Thomas’s father William Winslow had been a member of the household of Richard II, from whom he received several annuities and offices, including that of the post of King’s pavillioner which he held from 1395 until his master lost the throne. Following the accession of Henry of Bolingbroke he retired from Court, and took no part in local administration save as a tax collector in Wiltshire in 1413. He died shortly before March 1414.
First recorded at Michaelmas 1437, a few months after his stepfather’s death, Winslow was then party to the transfer to his mother of land in Wantage,
During the 1440s Winslow was frequently recorded in association with members of his wife’s family, notably his brothers-in-law Thomas Throckmorton* and John Throckmorton II*, who both represented Worcestershire in the course of the decade. He attested the electoral indenture recording Thomas’s return to the Parliament of February 1449. Some five years earlier they had been linked together in a petition sent to Chancery by the wife of Sir William Peyto‡, the Warwickshire knight then a prisoner in France, who alleged that they and several other ‘esquires’ had assembled a gang of 300 armed men to attack her tenants on the estates she held at Campden and elsewhere in Gloucestershire as dower from her previous husband, Thomas Stafford†. Katherine noted that the principal perpetrator was a ‘feed-man’ to the abbot of Pershore, and thus to ‘my lord of Warwick’ (Henry Beauchamp), and it looks as if Winslow and the rest were acting in the interest of the young earl.
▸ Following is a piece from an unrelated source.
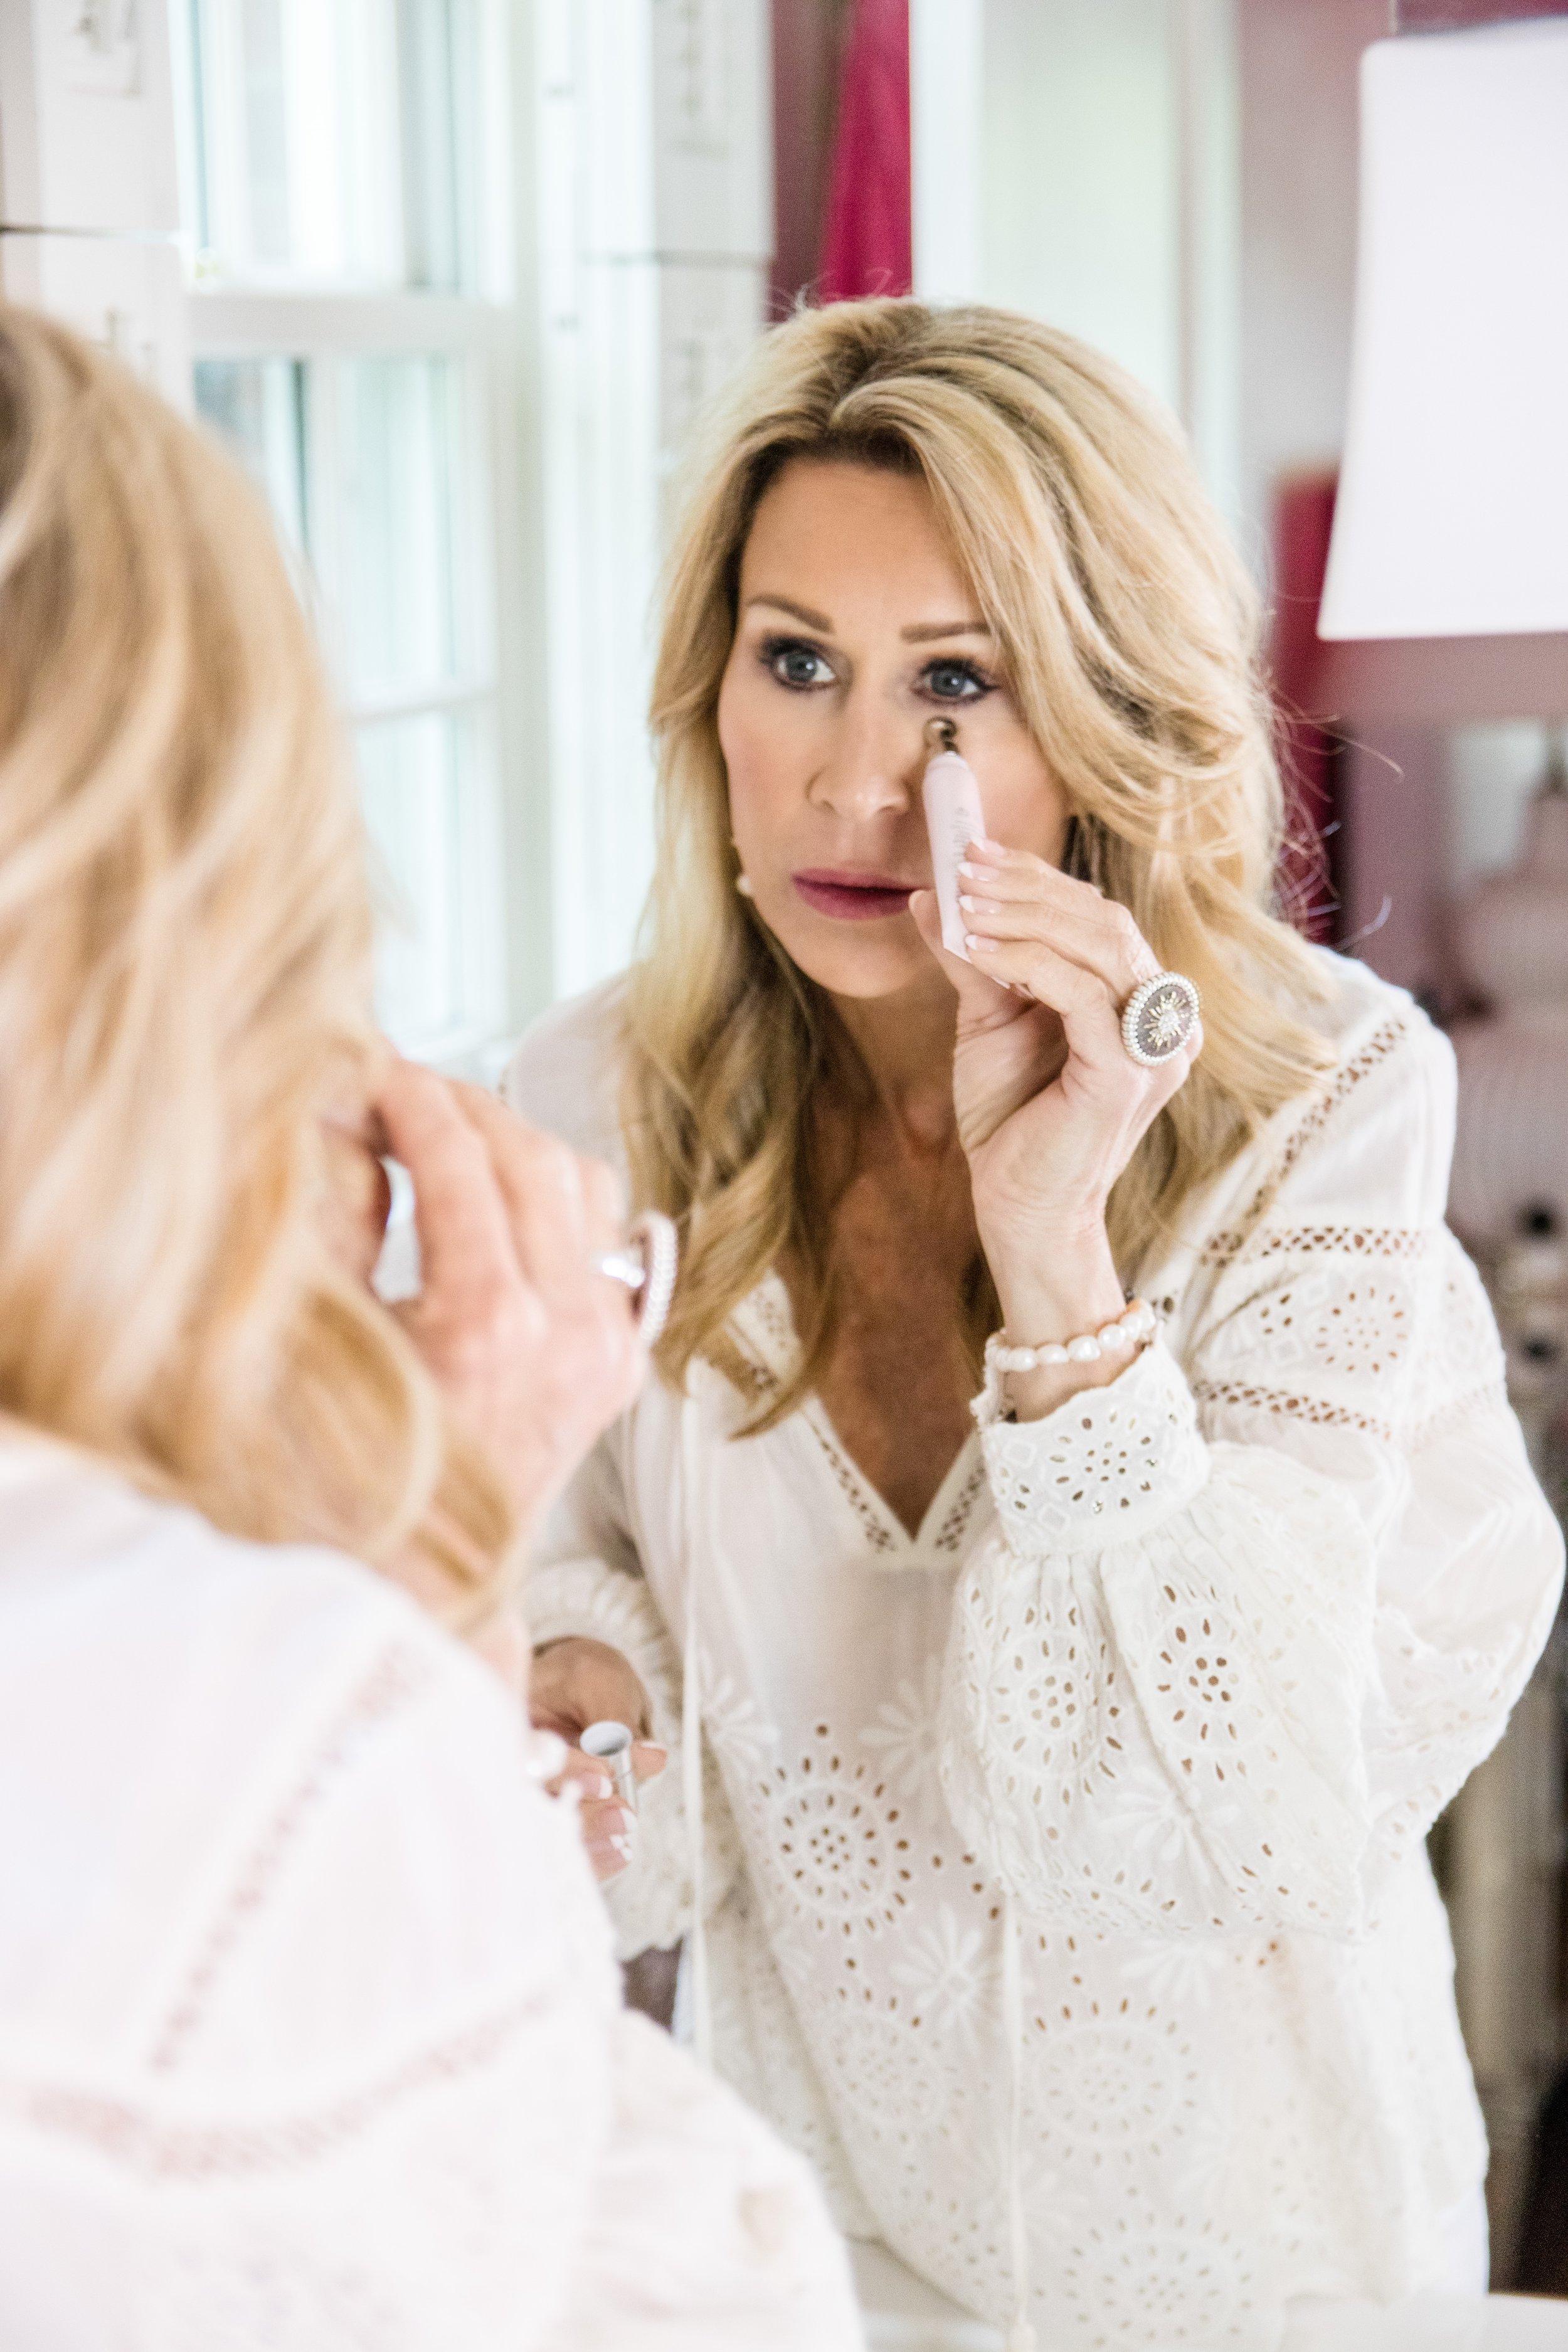 Skinn Cosmetics - Crazy Blonde Life

Throughout the 15 years following his alleged offence, Winslow was a member of the Worcestershire bench, as one of the quorum, which strongly suggests that he had been trained in the law. Perhaps his stepfather had encouraged him to enter the profession. Winslow was elected to the second Parliament of 1449 as a knight of the shire while he was so engaged. In 1451 he and his wife brought a suit against Sir Hugh Mortimer, alleging that he had dispossessed them of the estate at Eldersfield which they held by virtue of the settlement made at the time of their marriage. Despite being awarded damages of 100 marks at an assize of novel disseisin, six years later they had still not obtained justice, and the case had been referred to the court of common pleas. Meanwhile, Winslow had taken out a pardon as ‘formerly of Eldersfield and Ramsbury, gentleman’, on 17 Nov. 1452, but for what reason is unknown.
Before that second election, in November 1454 Winslow had appeared in the King’s bench to stand bail for John Borne, the nephew of his late stepfather, who, a prisoner in the Marshalsea, had to find four bailsmen, each prepared to put up the sum of £20 to guarantee his good behaviour.
In the second half of the 1450s Winslow fell out with Richard Beauchamp, bishop of Salisbury, who challenged his title to the estate at Ramsbury in a plea in King’s bench, which also involved Winslow’s daughter Joan Hale and her husband and father-in-law, on whom he had settled the property. The bishop obtained judgement and damages against them in Hilary term 1458.
Winslow’s estates were divided between his daughters. Elizabeth’s husband John Terumber must have died without issue for it was her children by her second husband, Humphrey, a younger son of (Sir) John Seymour I* of Wolf Hall in Great Bedwyn, to whom Even Swindon and Wendlebury descended. Her sister Isabel, who married Humphrey’s brother Ralph Seymour, sold her inheritance (the manors of Marsh Court in Eldersfield and Hill Court in Longdon) to Sir Richard Croft† in 1476. A third daughter, Agnes, married John Giffard of Twyford; and the fourth, Joan Hale, produced two daughters who married two of the sons of John Filoll* of Dorset. The division of Thomas Winslow’s estates between his various coheirs almost inevitably led to suits in Chancery between his descendants in the early sixteenth century.